In its draft ‘Model Concession Agreement for Setting Up Medical Colleges Under the Public Private Partnership’ guideline document, the government think tank said a concession agreement has been developed based on international best practices and similar PPP arrangements that are operative in Gujarat and Karnataka.

“India has a dire shortage of qualified doctors. It is practically not possible for the Central/state government to bridge the gaps in the medical education with their limited resources and finances,” the document said.

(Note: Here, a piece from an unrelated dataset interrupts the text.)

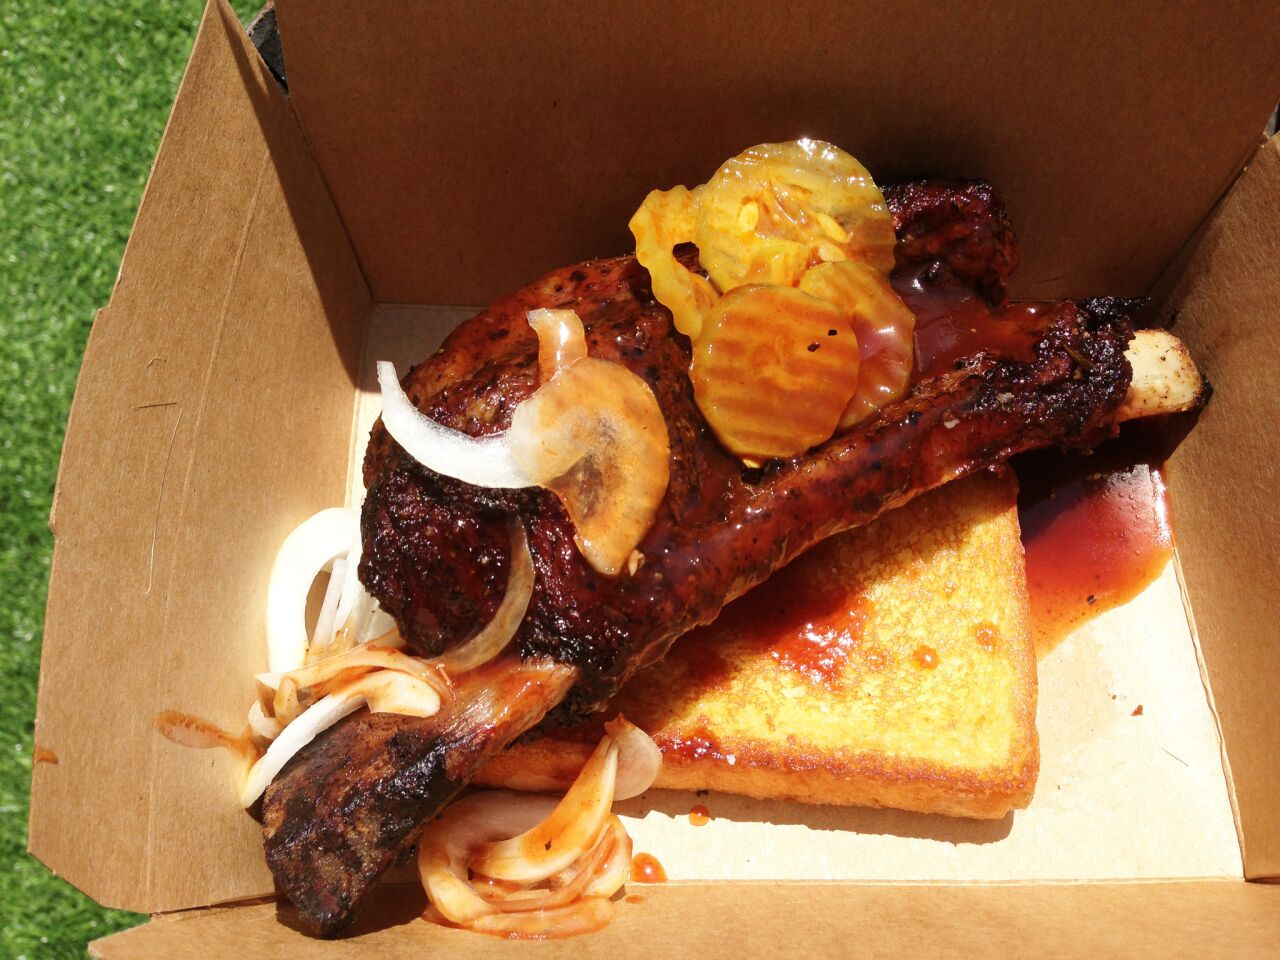 The beef rib with Texas toast, sweet onion and spicy pickles.

“This necessitates formulating a public-private partnership model by combining the strengths of public and private sectors. Accordingly, a scheme to link new and/or existing private medical colleges with functional district hospitals through PPP would augment medical seats and also rationalise the costs of medical education,” it added.

It further said that under this envisioned model, a concessionaire shall design, build, finance, operate and maintain the medical college and also upgrade, operate and maintain the associated district hospital with a minimum annual student intake of 150 MBBS seats.

“In consideration of making available the healthcare services, to the category of patients other than free patients, the concessionaire shall have the right to collect, appropriate and demand hospital charges. The concessionaire shall display the rates for the healthcare services, including the daily rate, for the bed occupancy in the district hospital at a place where it is visible to all,” according to the guideline document.

It further said the concessionaire shall be allowed to charge Rs 10 as registration fees from the free patients.

"The concessionaire shall provide all healthcare services to the free patient, free of cost," the guideline document said.

Stakeholders can provide their written comments by or before Jan. 10.